24. "Accidents Can Happen" – Cowbella is told by her mother to try potty training again following her last "accident". She accidentally wets herself when she doesn't make it to the bathroom in time. Then, Cowbella ends up getting sad and ashamed after having another accident. To help Cowbella solve the problem, the Pajanimals ride Squacky's bed to the Big Blue Sea, where they turn to Granny Pearl for help.
25. "Joy to the World" – The Pajanimals are celebrating Christmas. Squacky really hopes he gets the new Fantastic Splash Super Sub and is so excited that he cannot sleep. The Pajanimals ride Apollo's bed to the Night Sky where they turn to The Moon (wearing Santa Claus's hat) for help.
26. "Pajanimal Dance Party" – The Pajanimals get ready quickly way before bed and decide to have a dance party before bed.

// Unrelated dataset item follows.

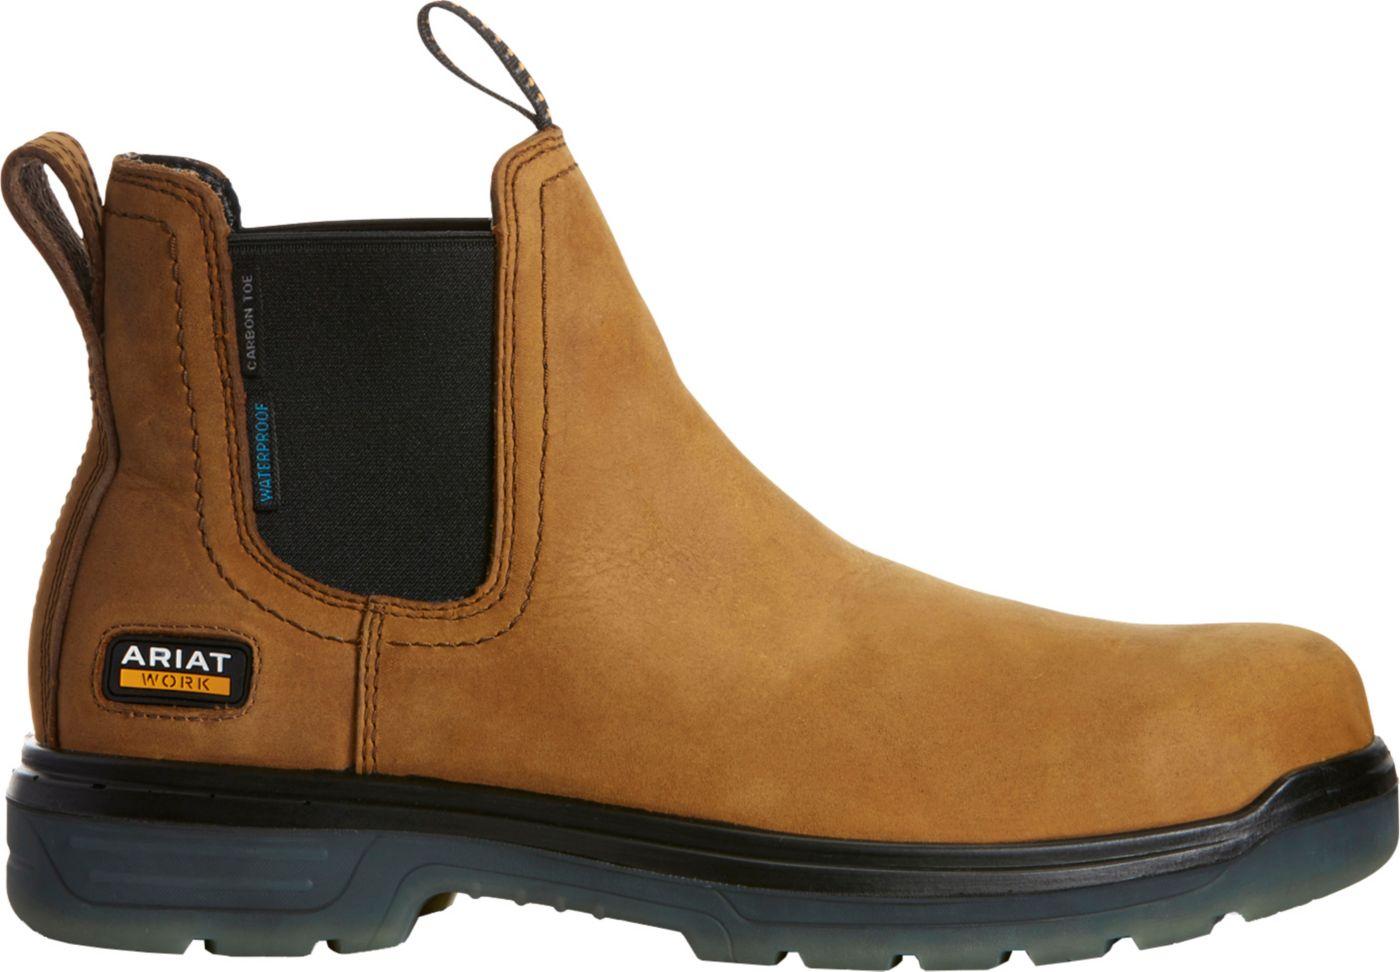 Ariat Men's Turbo Chelsea Waterproof Carbon Toe Work Boots

During bed, they end the night differently by singing their signature song, "La La Lullaby".

==Broadcast==
On August 30, 2012, it was announced that ABC and TVNZ had picked up Australian and New Zealand broadcast rights.

The show premiered in the United Kingdom on Nick Jr. on September 23, 2013, where the series was redubbed with British voice actors.

On November 11, 2013, the series was pre-sold to TVB in Hong Kong, and TVOntario in Canada.

==Merchandise and marketing==
On September 30, 2011, a fast-food deal with Chick-Fil-A was announced.

On February 3, 2012, the Jim Henson Company signed various merchandising deals, including a home media deal with NCircle Entertainment for DVDs, and Tomy for toys. Additional merchandising partners were announced on October 12, 2012.

===Cancelled live show===
On November 14, 2012, The Jim Henson Company announced Pajanimals Live - Pajama Playdate, a live-show theater adaptation of the show produced by Red Light Management that would begin touring in March 2013, and then embark on a 50-city tour.

On February 15, 2013, weeks prior to the first showing, a cancellation was announced, but no reason was given.

==Reception==
A Common Sense Media review says "This soothing series combines delightful tales and melodic songs to give families the opportunity to relax and unwind before diving into bedtime routines".